REQUIREMENT: Only the lines below starting at the one that contains "In this file" and ending at the one that contains "Annette Funicello SINGLES" are to be reproduced, exactly and with both ends kept.

Source data:
===
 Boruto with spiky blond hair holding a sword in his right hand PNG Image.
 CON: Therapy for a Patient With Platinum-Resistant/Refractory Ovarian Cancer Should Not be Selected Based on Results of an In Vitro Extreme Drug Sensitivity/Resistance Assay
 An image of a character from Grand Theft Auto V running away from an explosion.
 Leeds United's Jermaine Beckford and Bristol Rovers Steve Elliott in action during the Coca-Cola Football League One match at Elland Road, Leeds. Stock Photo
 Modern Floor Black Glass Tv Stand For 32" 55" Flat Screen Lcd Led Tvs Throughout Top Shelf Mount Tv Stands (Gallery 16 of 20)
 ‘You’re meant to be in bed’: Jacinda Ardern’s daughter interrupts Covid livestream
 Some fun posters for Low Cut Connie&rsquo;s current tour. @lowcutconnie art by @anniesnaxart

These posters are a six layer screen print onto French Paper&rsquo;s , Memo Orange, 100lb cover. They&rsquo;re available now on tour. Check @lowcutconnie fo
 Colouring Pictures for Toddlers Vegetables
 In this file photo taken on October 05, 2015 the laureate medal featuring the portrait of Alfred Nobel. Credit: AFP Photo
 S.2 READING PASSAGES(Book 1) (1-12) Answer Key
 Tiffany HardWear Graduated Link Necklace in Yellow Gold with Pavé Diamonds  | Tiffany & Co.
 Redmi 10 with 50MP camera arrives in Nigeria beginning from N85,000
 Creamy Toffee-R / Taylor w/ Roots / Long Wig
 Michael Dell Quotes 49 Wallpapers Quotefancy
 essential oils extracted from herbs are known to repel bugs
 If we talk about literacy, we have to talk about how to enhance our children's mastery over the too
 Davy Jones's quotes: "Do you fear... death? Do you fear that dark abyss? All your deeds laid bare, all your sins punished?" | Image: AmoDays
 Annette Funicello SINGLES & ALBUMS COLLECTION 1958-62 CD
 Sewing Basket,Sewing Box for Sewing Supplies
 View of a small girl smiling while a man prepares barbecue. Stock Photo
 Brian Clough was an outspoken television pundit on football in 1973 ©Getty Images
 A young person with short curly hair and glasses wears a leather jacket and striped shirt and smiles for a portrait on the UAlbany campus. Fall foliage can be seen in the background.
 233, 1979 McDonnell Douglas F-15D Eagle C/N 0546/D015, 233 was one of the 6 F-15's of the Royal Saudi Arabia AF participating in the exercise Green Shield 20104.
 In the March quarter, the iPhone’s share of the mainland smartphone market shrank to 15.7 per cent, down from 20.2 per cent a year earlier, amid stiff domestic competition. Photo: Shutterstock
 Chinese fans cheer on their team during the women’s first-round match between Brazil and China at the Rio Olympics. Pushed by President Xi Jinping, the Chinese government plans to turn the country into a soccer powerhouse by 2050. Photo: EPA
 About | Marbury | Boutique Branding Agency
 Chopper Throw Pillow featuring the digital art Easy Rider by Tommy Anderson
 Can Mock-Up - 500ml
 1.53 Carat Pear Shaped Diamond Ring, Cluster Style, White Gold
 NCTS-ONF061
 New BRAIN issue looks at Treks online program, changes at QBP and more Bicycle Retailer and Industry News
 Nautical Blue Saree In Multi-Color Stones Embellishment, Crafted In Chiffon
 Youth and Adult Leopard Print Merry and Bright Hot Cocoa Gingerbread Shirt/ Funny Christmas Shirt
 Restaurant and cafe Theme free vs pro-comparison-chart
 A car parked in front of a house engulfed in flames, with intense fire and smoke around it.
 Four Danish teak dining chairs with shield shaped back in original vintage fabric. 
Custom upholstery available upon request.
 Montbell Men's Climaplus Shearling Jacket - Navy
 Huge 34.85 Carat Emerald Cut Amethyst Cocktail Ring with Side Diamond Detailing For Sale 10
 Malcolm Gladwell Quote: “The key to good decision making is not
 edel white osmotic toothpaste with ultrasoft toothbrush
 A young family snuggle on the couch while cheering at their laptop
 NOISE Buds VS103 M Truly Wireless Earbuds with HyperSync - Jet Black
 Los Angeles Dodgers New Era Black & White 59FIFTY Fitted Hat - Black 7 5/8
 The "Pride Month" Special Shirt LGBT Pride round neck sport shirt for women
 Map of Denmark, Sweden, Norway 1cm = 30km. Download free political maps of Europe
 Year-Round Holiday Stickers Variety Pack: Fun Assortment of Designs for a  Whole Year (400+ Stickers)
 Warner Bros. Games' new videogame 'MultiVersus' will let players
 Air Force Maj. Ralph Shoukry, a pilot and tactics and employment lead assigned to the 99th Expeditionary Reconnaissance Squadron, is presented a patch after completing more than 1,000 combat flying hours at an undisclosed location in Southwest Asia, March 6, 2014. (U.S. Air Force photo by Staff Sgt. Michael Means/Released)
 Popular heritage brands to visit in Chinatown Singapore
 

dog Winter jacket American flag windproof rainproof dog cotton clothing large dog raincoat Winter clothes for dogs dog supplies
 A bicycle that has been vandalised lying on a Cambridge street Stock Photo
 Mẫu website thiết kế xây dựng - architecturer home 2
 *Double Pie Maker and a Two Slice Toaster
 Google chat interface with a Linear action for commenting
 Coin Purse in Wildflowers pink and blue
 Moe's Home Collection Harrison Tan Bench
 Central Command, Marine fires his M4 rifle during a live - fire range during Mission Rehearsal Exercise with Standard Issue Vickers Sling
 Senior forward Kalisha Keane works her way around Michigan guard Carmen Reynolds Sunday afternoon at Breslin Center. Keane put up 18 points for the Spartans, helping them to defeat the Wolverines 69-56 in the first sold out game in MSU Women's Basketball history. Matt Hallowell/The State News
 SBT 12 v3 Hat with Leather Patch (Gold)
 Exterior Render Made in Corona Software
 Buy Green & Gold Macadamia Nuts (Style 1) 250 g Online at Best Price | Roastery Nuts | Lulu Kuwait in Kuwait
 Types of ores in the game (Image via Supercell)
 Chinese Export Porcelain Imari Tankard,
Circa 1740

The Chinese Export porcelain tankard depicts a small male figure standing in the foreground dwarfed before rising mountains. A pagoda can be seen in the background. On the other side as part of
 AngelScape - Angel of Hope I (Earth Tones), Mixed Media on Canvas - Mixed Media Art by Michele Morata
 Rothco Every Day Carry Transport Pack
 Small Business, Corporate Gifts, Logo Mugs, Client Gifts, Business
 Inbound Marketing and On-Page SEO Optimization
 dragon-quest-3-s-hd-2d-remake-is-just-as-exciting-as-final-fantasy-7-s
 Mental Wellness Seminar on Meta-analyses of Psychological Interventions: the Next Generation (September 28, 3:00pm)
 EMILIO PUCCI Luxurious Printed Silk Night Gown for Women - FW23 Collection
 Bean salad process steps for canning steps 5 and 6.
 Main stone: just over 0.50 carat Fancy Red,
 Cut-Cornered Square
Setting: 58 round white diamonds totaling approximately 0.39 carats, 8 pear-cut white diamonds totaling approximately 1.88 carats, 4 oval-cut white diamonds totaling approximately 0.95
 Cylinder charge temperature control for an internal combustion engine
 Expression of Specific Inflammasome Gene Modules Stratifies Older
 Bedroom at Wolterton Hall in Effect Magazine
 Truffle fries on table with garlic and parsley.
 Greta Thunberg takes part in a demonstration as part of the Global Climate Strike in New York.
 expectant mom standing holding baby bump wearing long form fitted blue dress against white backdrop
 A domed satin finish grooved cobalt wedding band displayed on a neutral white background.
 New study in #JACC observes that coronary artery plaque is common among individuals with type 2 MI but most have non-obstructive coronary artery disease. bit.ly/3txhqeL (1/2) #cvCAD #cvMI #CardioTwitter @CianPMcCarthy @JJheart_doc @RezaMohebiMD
===
TASK ANSWER:
 In this file photo taken on October 05, 2015 the laureate medal featuring the portrait of Alfred Nobel. Credit: AFP Photo
 S.2 READING PASSAGES(Book 1) (1-12) Answer Key
 Tiffany HardWear Graduated Link Necklace in Yellow Gold with Pavé Diamonds  | Tiffany & Co.
 Redmi 10 with 50MP camera arrives in Nigeria beginning from N85,000
 Creamy Toffee-R / Taylor w/ Roots / Long Wig
 Michael Dell Quotes 49 Wallpapers Quotefancy
 essential oils extracted from herbs are known to repel bugs
 If we talk about literacy, we have to talk about how to enhance our children's mastery over the too
 Davy Jones's quotes: "Do you fear... death? Do you fear that dark abyss? All your deeds laid bare, all your sins punished?" | Image: AmoDays
 Annette Funicello SINGLES & ALBUMS COLLECTION 1958-62 CD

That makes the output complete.